地震予知、GPSデータの解析で 京大教授の挑戦

社会週刊新潮 2017年7月20日文月増大号掲載

 大地震の予知――国が巨額の研究費を投じるも成果が出ず、もはや“永遠の壁”とさえ言われてきたその予知に、ある京大教授が挑もうとしている。

 科学部担当記者の話。

「この6月から、京都大学と民間企業がタッグを組んで、大規模地震の発生を事前に予測する技術の共同実験が始まりました。すでに運用されている『緊急地震速報』は、揺れの数十秒前が限度。しかし、この研究が進めば、1時間前には巨大地震発生の予兆が掴めるということですから、減災に大きく役立ちます」

 研究の指揮を執る京都大学情報学研究科・梅野健教授の話。

「これまでの地震予知研究は大まかに言って、地震計を置き、微細な振動を捉えて予測するというものでしたが、私たちの研究は、それとは全く違う発想です」

 どう違うのかというと、

「地球の上空には、電離圏と呼ばれる、電子が沢山飛んでいる層があるのですが、マグニチュード7以上の巨大地震が発生する直前に、震源付近の上空の電子数が変化することがわかりました。ナマズが地震の前になると暴れる、と昔から言われますが、こうした変化を、彼らが敏感に捉えていたからかもしれませんね」

 電子の数の変化は、GPS衛星と、地上の受信機との通信記録の解析で明らかになったという。

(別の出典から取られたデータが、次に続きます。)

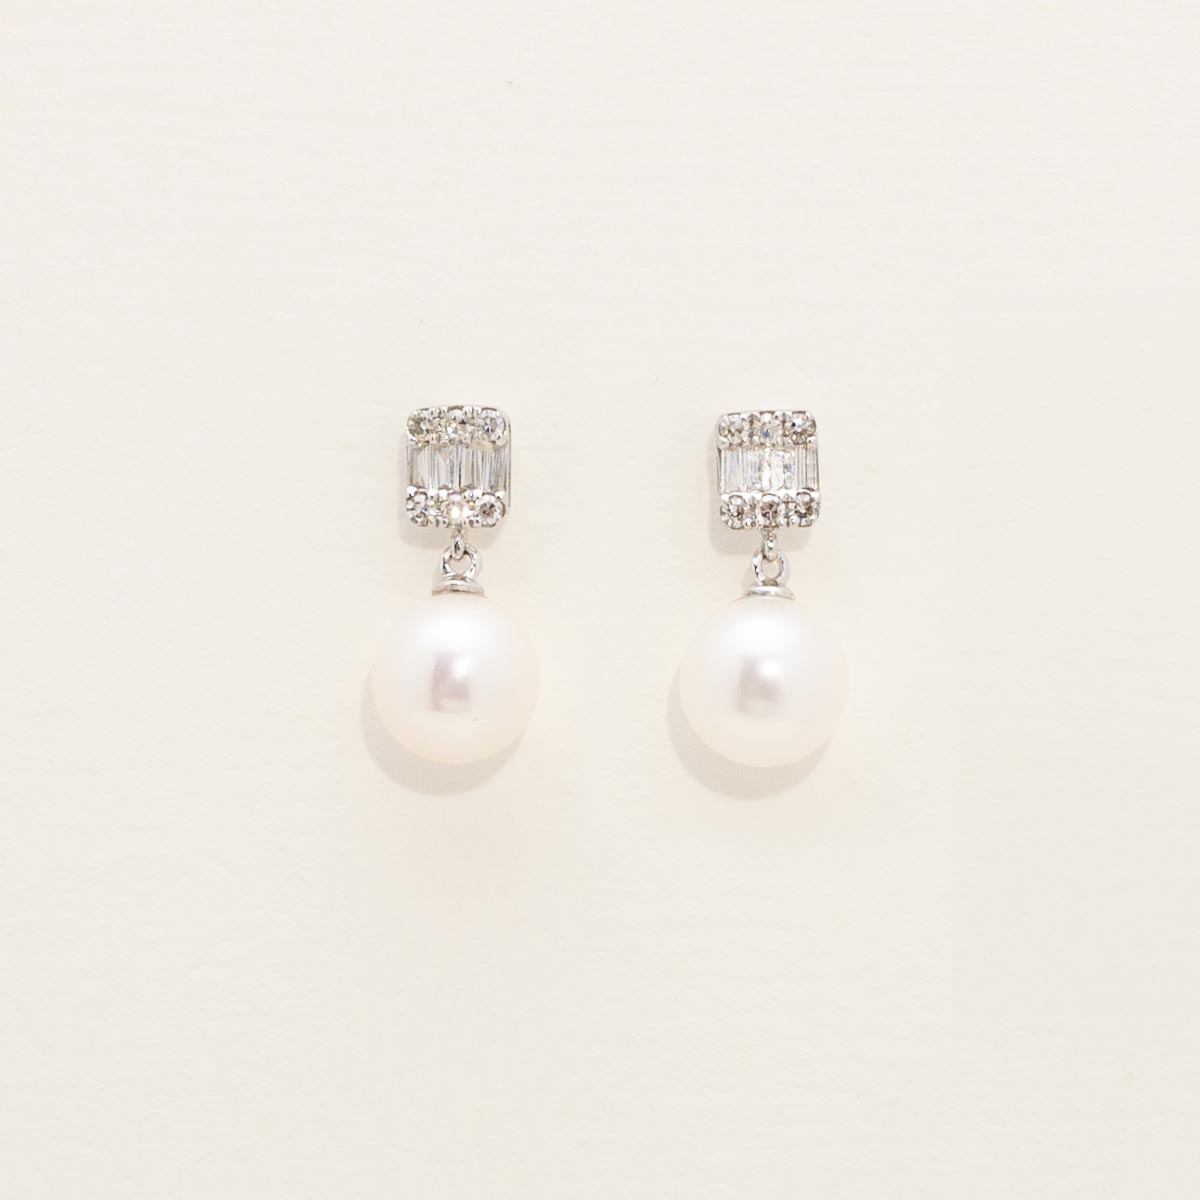 Cultured Freshwater Pearl Drop Earring in 14kt White Gold with Diamonds (1/10ct tw and 6mm pearls)

「過去の通信データ解析で、東日本大震災と、昨年の熊本地震の直前にも変化が起きていたことがわかりました。今回の研究では、過去のデータ解析をさらに進めると同時に、電子数の変化をリアルタイムで測定していくつもりです」(同)

 将来的には、

「電子数の変化をGPS以外の衛星からも観測し、さらに地上の受信機も、全国に増設していく。そうすれば、どこのエリアでいつ起こるのかを、より細かく予測できます。そのためにも今後、気象庁などとも連携し、研究規模を拡大していきたい」(同)

 研究期間は3年を予定している。